Excerpts from a dataset

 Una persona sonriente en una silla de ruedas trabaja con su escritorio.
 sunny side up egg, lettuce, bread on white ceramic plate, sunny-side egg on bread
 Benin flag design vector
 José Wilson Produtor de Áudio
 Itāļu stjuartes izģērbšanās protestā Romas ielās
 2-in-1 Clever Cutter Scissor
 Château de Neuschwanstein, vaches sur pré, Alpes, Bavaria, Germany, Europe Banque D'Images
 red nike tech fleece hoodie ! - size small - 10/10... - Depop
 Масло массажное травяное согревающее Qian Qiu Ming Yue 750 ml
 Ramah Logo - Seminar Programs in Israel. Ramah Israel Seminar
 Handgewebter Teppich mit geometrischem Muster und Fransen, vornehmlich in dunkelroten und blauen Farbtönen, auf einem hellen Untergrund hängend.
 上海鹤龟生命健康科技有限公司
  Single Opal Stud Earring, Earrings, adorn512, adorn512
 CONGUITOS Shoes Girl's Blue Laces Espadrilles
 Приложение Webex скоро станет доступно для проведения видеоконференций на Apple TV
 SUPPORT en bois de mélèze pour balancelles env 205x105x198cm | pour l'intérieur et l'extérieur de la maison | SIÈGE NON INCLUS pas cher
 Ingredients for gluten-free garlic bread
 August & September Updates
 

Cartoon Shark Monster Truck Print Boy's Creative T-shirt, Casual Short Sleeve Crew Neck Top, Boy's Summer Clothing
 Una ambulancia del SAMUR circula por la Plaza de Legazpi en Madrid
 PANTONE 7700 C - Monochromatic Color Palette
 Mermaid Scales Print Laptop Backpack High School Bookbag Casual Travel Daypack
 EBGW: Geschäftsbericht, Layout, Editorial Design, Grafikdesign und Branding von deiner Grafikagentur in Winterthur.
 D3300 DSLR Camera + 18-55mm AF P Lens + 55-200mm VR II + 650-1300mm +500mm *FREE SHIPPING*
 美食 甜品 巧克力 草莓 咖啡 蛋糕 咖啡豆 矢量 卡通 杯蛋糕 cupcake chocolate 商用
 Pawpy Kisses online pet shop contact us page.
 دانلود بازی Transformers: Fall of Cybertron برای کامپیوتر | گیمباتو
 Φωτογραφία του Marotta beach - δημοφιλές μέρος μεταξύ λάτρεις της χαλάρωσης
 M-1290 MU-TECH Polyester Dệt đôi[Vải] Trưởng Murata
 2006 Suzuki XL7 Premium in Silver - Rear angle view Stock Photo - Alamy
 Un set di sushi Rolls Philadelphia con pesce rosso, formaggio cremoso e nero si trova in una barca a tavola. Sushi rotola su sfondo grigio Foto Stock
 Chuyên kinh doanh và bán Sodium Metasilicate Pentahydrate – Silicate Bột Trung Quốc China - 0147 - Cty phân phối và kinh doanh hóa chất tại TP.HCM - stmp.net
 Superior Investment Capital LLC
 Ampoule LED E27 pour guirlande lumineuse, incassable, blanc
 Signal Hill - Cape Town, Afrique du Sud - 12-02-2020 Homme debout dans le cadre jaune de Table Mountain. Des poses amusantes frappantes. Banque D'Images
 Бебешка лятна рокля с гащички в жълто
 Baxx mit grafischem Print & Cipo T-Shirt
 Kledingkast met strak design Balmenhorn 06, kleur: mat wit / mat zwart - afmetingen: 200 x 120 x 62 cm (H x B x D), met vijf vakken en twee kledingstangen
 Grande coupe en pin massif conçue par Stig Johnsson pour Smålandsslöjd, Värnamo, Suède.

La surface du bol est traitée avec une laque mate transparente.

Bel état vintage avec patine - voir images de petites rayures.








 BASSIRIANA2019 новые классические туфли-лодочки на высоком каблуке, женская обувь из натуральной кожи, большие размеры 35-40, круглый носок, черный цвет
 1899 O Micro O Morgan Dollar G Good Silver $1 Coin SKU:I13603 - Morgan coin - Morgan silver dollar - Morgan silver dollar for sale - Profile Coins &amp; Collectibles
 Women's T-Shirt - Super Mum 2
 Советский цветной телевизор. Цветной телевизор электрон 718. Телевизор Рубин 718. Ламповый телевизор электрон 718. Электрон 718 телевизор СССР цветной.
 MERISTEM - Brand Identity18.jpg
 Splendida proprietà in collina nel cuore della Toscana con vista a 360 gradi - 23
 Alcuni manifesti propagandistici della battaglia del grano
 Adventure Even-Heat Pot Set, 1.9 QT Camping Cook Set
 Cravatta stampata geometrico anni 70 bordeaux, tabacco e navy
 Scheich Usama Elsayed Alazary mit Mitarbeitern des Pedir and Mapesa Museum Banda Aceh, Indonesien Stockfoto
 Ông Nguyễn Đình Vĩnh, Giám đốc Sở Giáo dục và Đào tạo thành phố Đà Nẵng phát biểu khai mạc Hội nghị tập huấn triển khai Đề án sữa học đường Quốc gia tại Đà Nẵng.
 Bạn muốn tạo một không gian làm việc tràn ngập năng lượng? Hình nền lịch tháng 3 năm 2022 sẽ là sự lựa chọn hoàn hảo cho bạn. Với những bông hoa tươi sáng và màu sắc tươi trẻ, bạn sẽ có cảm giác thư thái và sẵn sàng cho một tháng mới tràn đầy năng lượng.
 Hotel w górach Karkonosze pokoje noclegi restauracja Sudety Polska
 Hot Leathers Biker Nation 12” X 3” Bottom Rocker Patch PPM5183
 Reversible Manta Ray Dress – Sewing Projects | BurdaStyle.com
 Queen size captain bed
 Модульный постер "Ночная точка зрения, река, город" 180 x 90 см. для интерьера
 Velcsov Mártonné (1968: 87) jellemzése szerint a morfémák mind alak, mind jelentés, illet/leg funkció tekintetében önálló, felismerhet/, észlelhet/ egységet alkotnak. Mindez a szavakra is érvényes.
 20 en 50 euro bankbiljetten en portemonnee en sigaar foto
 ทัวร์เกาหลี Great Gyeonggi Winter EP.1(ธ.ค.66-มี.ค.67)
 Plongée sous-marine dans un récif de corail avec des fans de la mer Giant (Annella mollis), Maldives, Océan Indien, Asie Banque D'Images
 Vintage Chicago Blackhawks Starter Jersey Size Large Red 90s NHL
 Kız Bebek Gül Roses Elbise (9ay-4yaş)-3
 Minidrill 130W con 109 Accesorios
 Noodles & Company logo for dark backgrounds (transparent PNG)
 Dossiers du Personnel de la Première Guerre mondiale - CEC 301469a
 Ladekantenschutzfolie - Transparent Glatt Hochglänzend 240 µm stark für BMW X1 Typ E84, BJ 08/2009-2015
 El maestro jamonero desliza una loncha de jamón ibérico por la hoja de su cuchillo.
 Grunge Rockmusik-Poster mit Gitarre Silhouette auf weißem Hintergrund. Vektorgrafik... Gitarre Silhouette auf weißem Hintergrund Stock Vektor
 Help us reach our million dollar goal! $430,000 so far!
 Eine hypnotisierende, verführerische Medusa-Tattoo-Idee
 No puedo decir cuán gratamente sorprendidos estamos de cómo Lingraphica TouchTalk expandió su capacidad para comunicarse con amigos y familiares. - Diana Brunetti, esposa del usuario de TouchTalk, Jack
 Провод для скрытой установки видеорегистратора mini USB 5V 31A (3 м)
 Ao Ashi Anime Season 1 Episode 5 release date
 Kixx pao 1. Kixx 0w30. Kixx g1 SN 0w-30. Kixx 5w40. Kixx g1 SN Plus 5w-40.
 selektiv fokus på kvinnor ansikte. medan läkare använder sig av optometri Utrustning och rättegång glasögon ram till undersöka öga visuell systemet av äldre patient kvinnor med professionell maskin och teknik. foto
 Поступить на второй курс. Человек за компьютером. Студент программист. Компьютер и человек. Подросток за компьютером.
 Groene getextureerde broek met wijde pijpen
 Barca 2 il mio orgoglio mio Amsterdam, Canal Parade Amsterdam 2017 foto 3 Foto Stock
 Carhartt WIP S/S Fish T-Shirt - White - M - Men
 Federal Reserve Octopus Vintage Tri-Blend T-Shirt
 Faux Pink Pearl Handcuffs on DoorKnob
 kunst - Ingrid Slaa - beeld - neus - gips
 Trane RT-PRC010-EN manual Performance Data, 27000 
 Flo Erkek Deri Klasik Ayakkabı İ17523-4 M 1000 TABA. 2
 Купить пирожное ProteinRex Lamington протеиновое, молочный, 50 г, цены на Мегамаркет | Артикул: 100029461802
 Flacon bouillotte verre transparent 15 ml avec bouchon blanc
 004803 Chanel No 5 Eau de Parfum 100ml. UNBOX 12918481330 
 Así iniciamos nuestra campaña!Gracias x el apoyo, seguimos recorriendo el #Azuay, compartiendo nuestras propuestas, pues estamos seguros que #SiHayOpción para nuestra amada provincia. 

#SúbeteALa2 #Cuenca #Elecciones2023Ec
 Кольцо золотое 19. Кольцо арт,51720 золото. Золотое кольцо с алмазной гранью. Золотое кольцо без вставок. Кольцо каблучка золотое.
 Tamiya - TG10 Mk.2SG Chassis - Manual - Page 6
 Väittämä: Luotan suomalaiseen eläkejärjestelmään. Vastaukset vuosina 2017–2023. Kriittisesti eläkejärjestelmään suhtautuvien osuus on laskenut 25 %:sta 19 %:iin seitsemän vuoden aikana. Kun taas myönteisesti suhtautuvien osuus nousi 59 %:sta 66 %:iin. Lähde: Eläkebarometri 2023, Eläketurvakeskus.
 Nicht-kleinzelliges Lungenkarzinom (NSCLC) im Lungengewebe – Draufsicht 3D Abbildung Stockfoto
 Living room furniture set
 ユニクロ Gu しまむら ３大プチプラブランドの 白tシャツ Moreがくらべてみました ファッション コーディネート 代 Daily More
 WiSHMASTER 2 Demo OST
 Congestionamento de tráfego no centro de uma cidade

INSTRUCTIONS TO FOLLOW
Wherever the string "Stockfoto" appears in the entries above, list that line.

EXERCISE RESPONSE
 Scheich Usama Elsayed Alazary mit Mitarbeitern des Pedir and Mapesa Museum Banda Aceh, Indonesien Stockfoto
 Nicht-kleinzelliges Lungenkarzinom (NSCLC) im Lungengewebe – Draufsicht 3D Abbildung Stockfoto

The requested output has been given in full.